According to the government, A Plus hired at least seven spouses of physicians and one physician’s boyfriend, purportedly to perform marketing duties. The government alleged that the group performed few, if any, actual job duties. The complaint filed in the United States District Court for the Southern District of Florida alleges that the salaries paid to the physicians’ spouses and boyfriend were, in reality, illegal kickbacks intended to induce the physicians to refer Medicare patients to A Plus rather than to another home health care agency. Federal law prohibits the exchange of anything of value in an effort to induce or reward the referral of federal health care program business.

A former director of development for A Plus, William Guthrie, filed a qui tam complaint in 2012 alleging that A Plus engaged in the improper kickback scheme and submitted false claims to Medicare for the treatments provided to the improperly referred Medicare patients. According to the False Claims Act complaint, two physicians’ spouses were terminated because their physician husbands did not refer a certain number of Medicare patients to A Plus. The whistleblower also claimed that, in 2010 alone, Tracy Nemerofsky received a salary of $685,000 from A Plus due to the increase in the number of Medicare referrals A Plus received.

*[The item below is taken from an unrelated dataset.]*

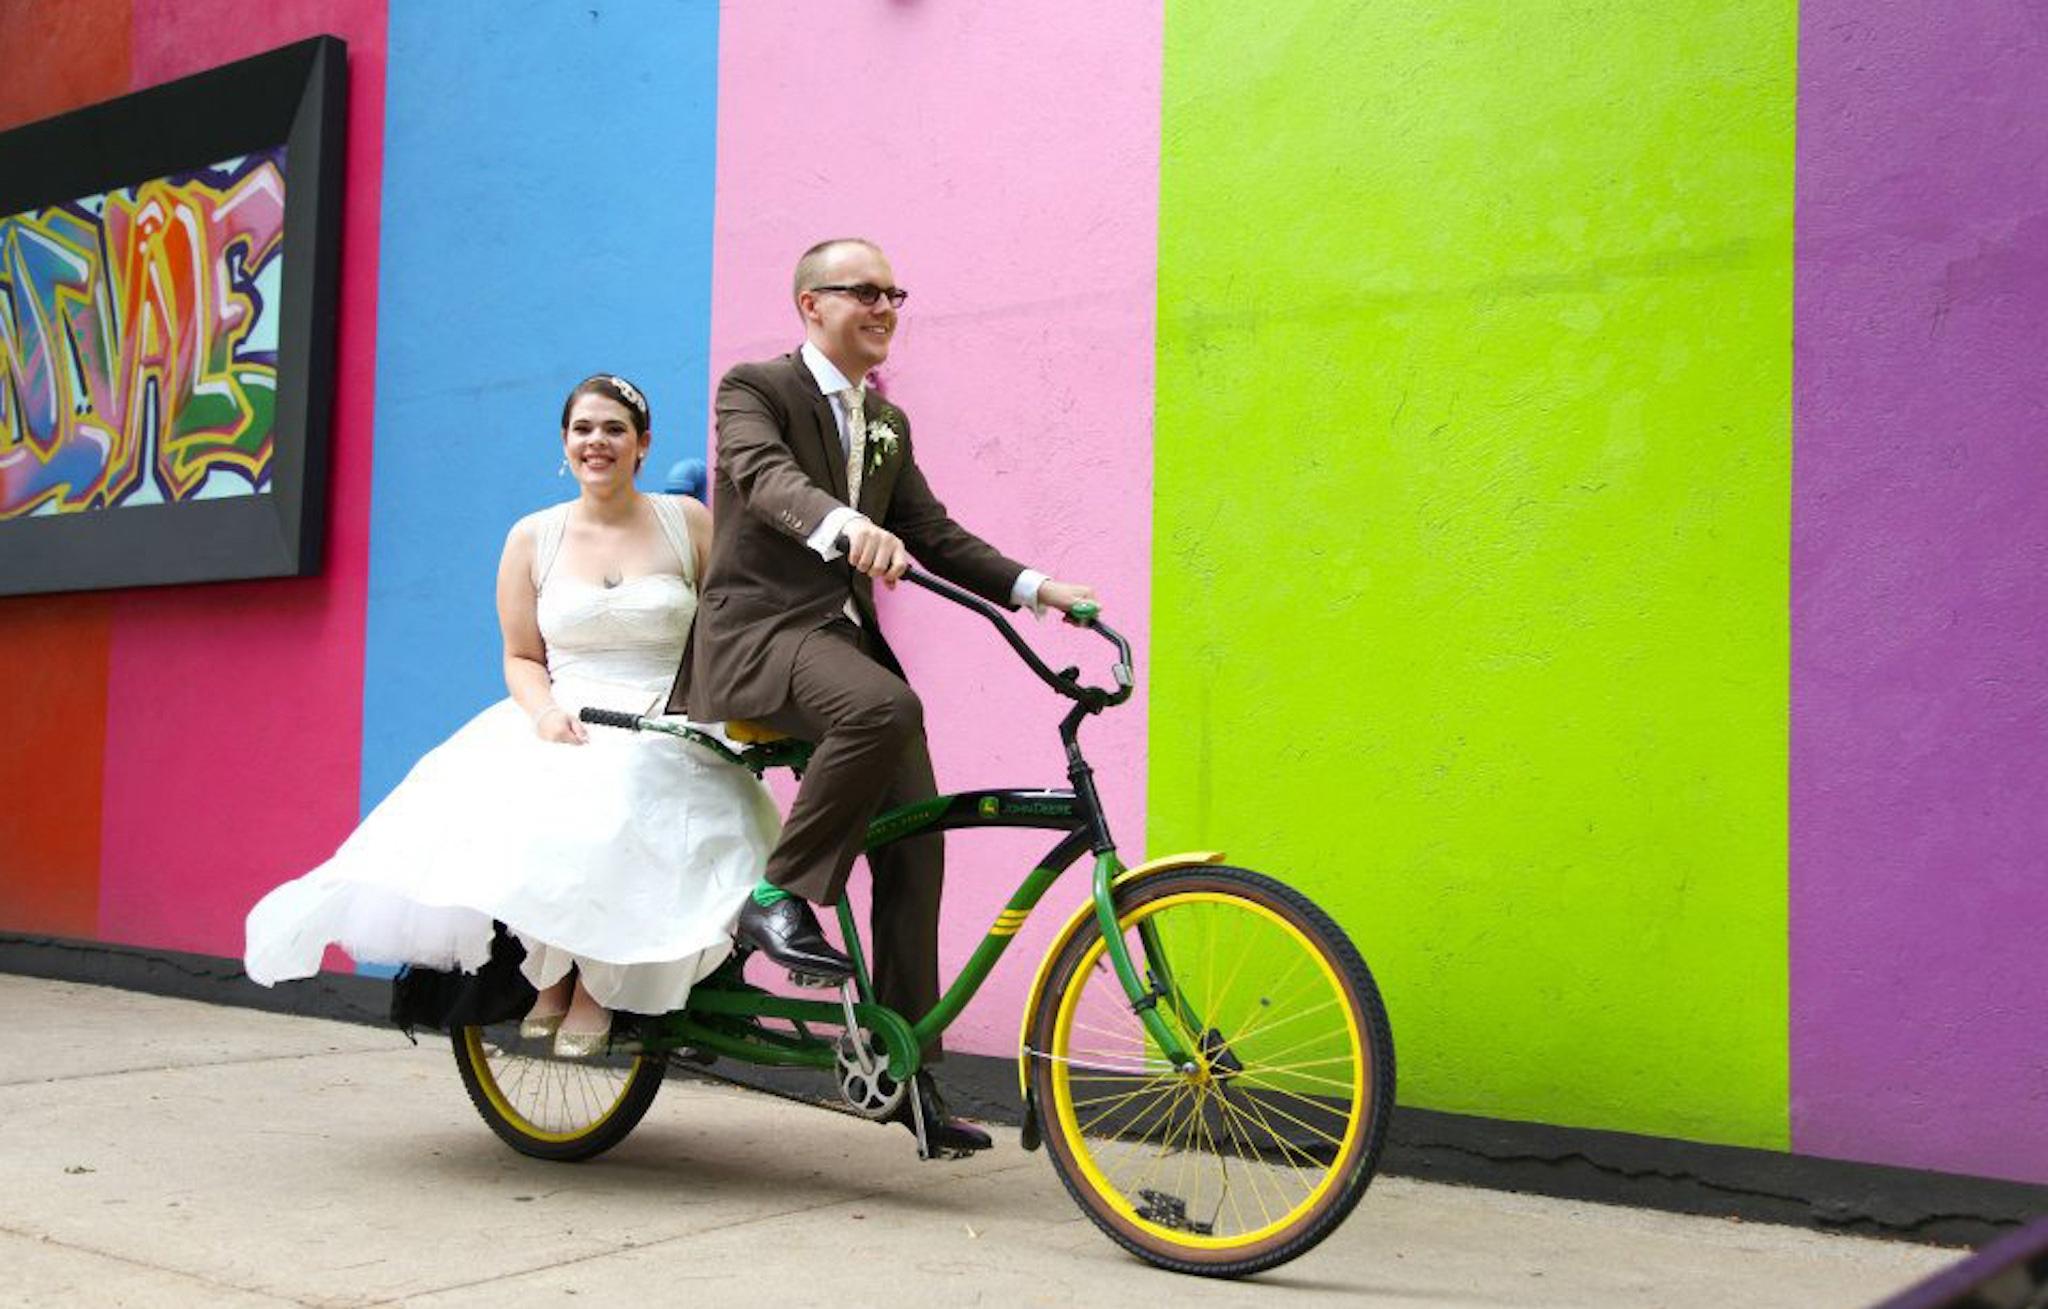 Bride and groom on bike

A Plus, Tracy Nemerofsky, and Stephen Nemerofsky have agreed to pay $1.65 million to settle the allegations. According to the Department of Justice, the government previously settled with individuals who allegedly received improper payments from A Plus, Nuria Rodriguez, Keifer Wyble, Mark Rogovin, Meredith Rogovin, Sam Sareh, Christy Sareh, Steven Hornreich, Fortuna Hornreich, Stacy Wolfson and Gary Wolfson.

The whistleblower will receive a percentage of the settlement proceeds as his reward under the qui tam provisions of the False Claims Act.